— Exercise requirements —
Only the lines from the one holding "#Rugby #RugbyCA #USA #outdoors #NYC" to the end of the data should be echoed, exactly as they appear, minus the pictures.

— Raw data —
========

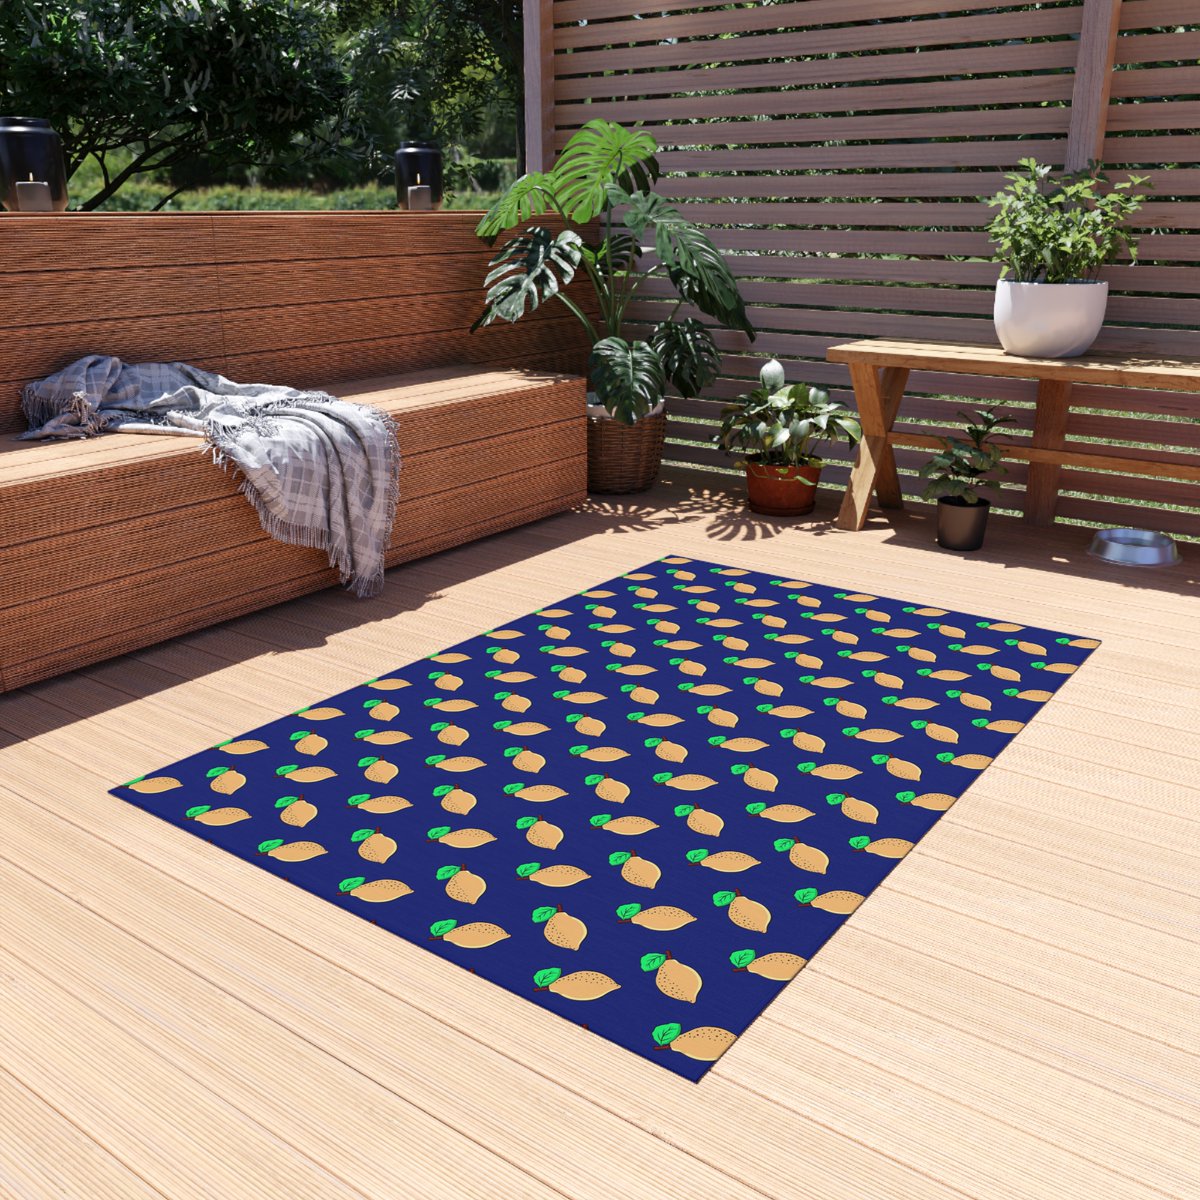 Yellow Lemon Pattern on Dark Blue Outdoor Rugs
#Rugby #RugbyCA #USA #outdoors #NYC
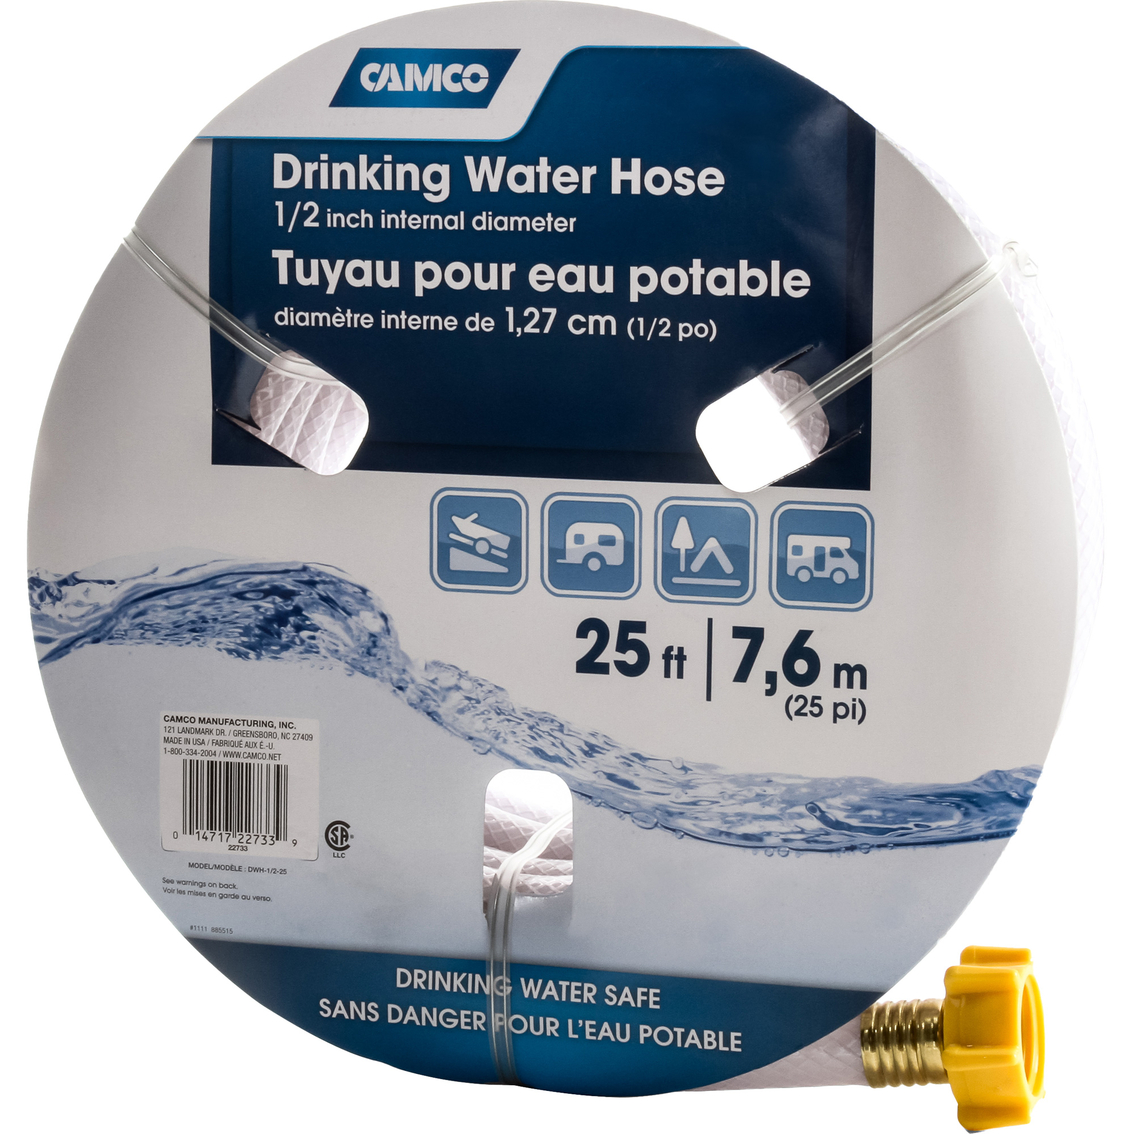 Camco Taste Pure 25 ft. Drinking Water Hose - Image 2 of 3
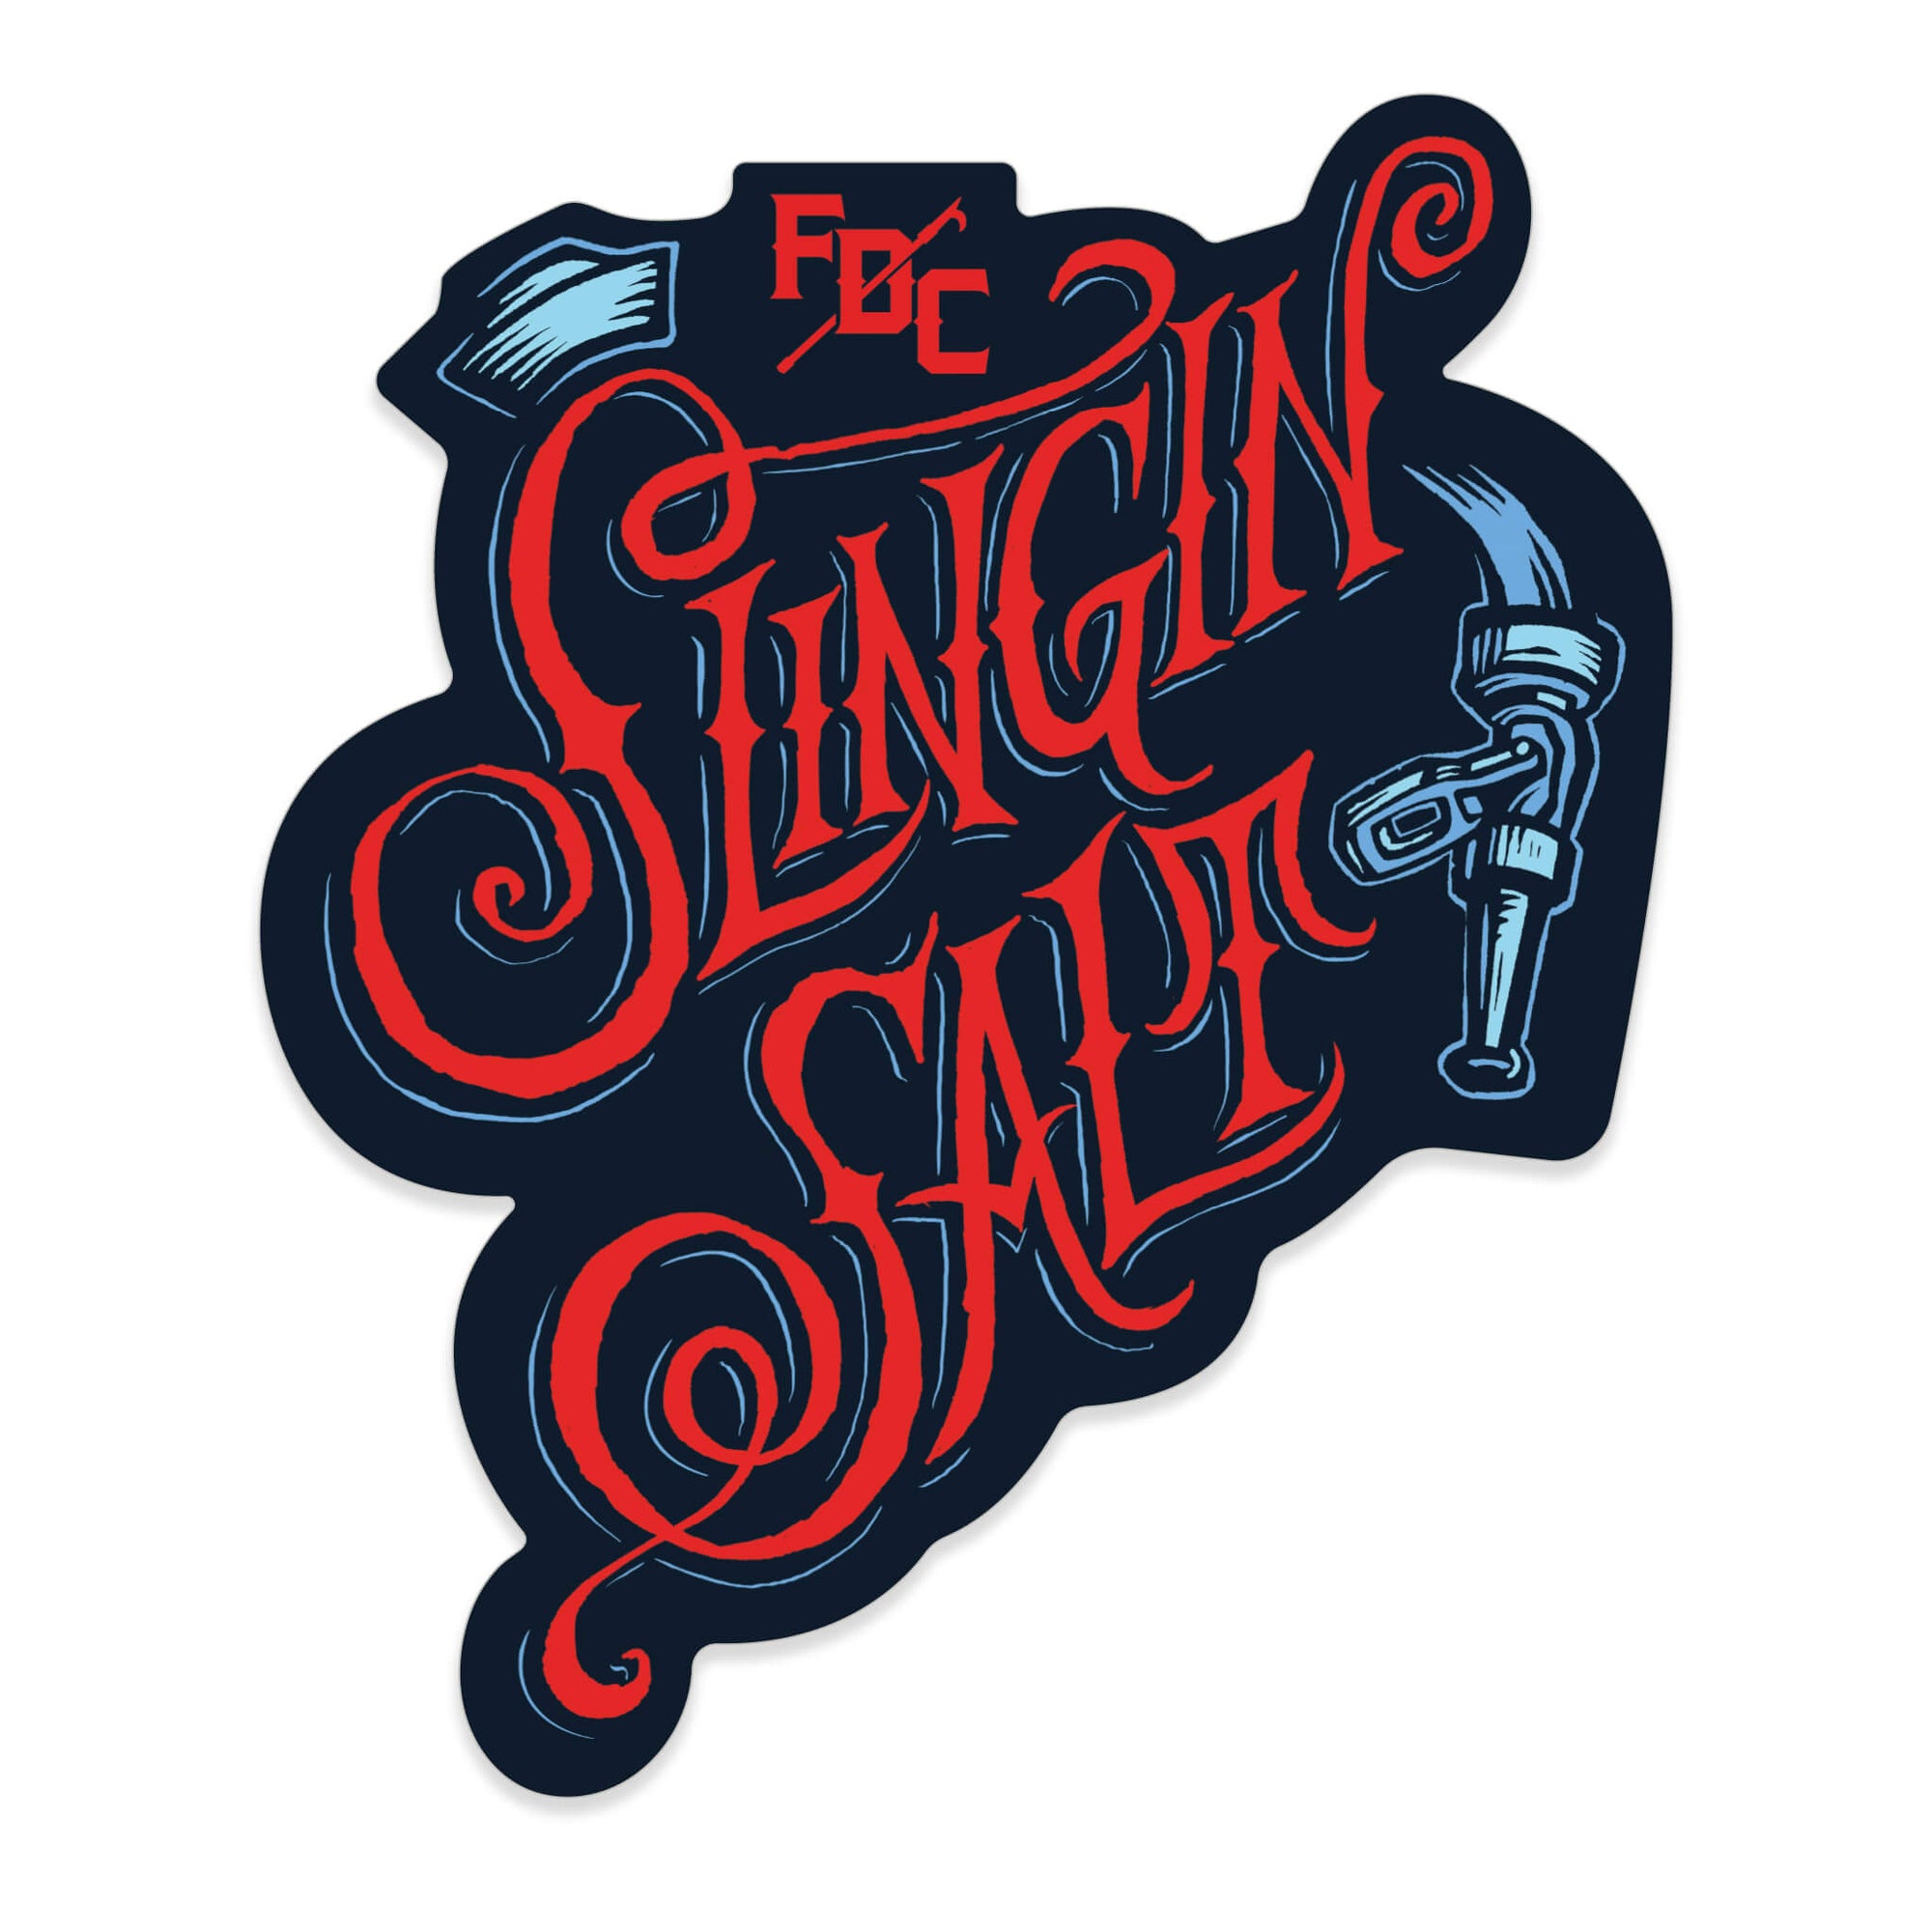 A sticker with the text "Slingin Salt" in red with the red FDC pike pole logo above. The text has a sailor hat on the "S" and a hose on the right of the text.

========

— Answer for this exercise —
#Rugby #RugbyCA #USA #outdoors #NYC
 Camco Taste Pure 25 ft. Drinking Water Hose - Image 2 of 3
 A sticker with the text "Slingin Salt" in red with the red FDC pike pole logo above. The text has a sailor hat on the "S" and a hose on the right of the text.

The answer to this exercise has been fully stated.